視線と光が交差する場所を確認してみるとそこには……真っ赤な血が鮮明に確認できる真っ白な服、肌は包帯でぐるぐる巻きにしており、右手には包丁らしきものを持つ高身長の何かがいた。
やっぱりかー…。
「ぎゃああぁぁぁ!!!」
「キエェェェェェェェ!!!」
「走れ!」
突然の怪物の登場に今までの比ではないほどの悲鳴をあげる修哉、それに呼応するように目の前の怪物も奇声を上げる。
俺の隣にいた坂上くんはそう一言叫ぶと走って先に進み、俺もそのあとを追うように走る。
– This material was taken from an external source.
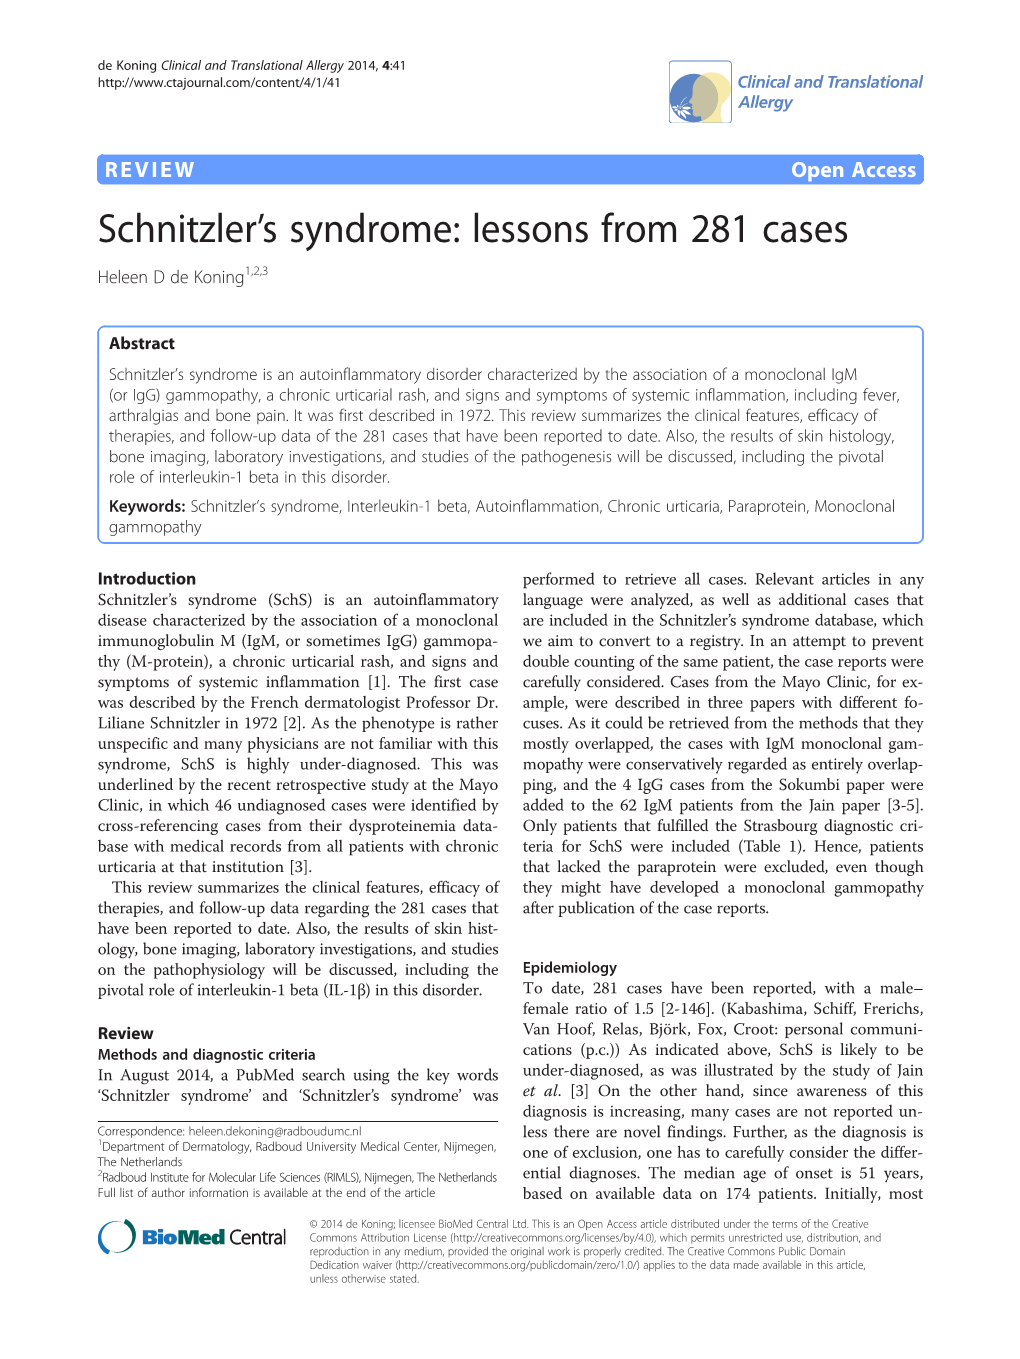 Schnitzler's Syndrome: Lessons from 281 Cases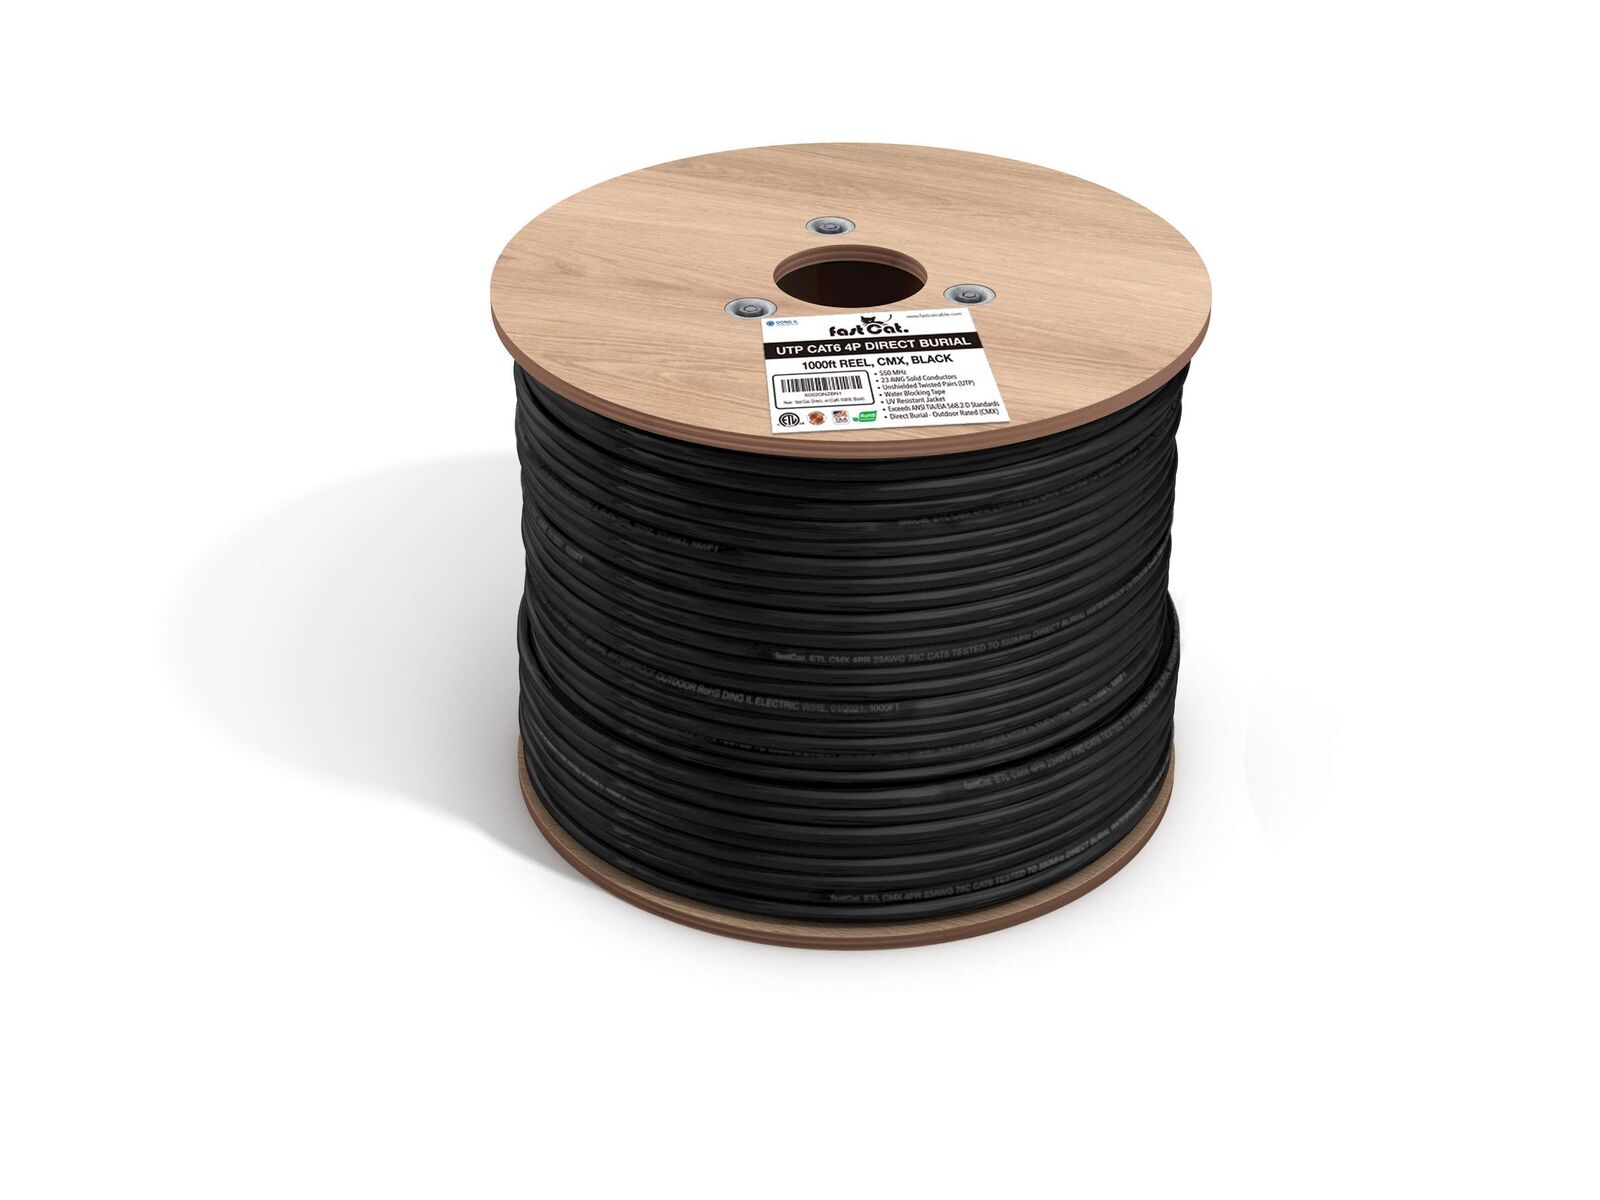 fast Cat. Cat6 Direct Burial Outdoor Ethernet Cable - 1000Ft Waterproof Cat6 Cab

一度後ろを確認すると怪物に追われながら走る修哉の姿が。
角…角…角…いくつかの曲がり角を曲がるとついにゴールらしきドアを確認する。
先頭に立っていた坂上くんは急いでそのドアを引き続々と外に出ていく。
坂上くん、俺、と来て修哉も外に出てきて、修哉は一瞬にしてドアを閉めた。
「お疲れ様です。どうでしたか?」
「なぁ智…」
「…どうした?」
すると俺らの目の前に係の人たちが来て色々と物を回収していった。
そんな中疲れ果てている修哉は俺に声をかけてきたので、俺はちゃんと聞いてあげることにした。
「俺…なんかしたかな?」
「……分からん…」
「お疲れ様…」
今回ばかりはこいつに同情してしまう俺と坂上くんであった。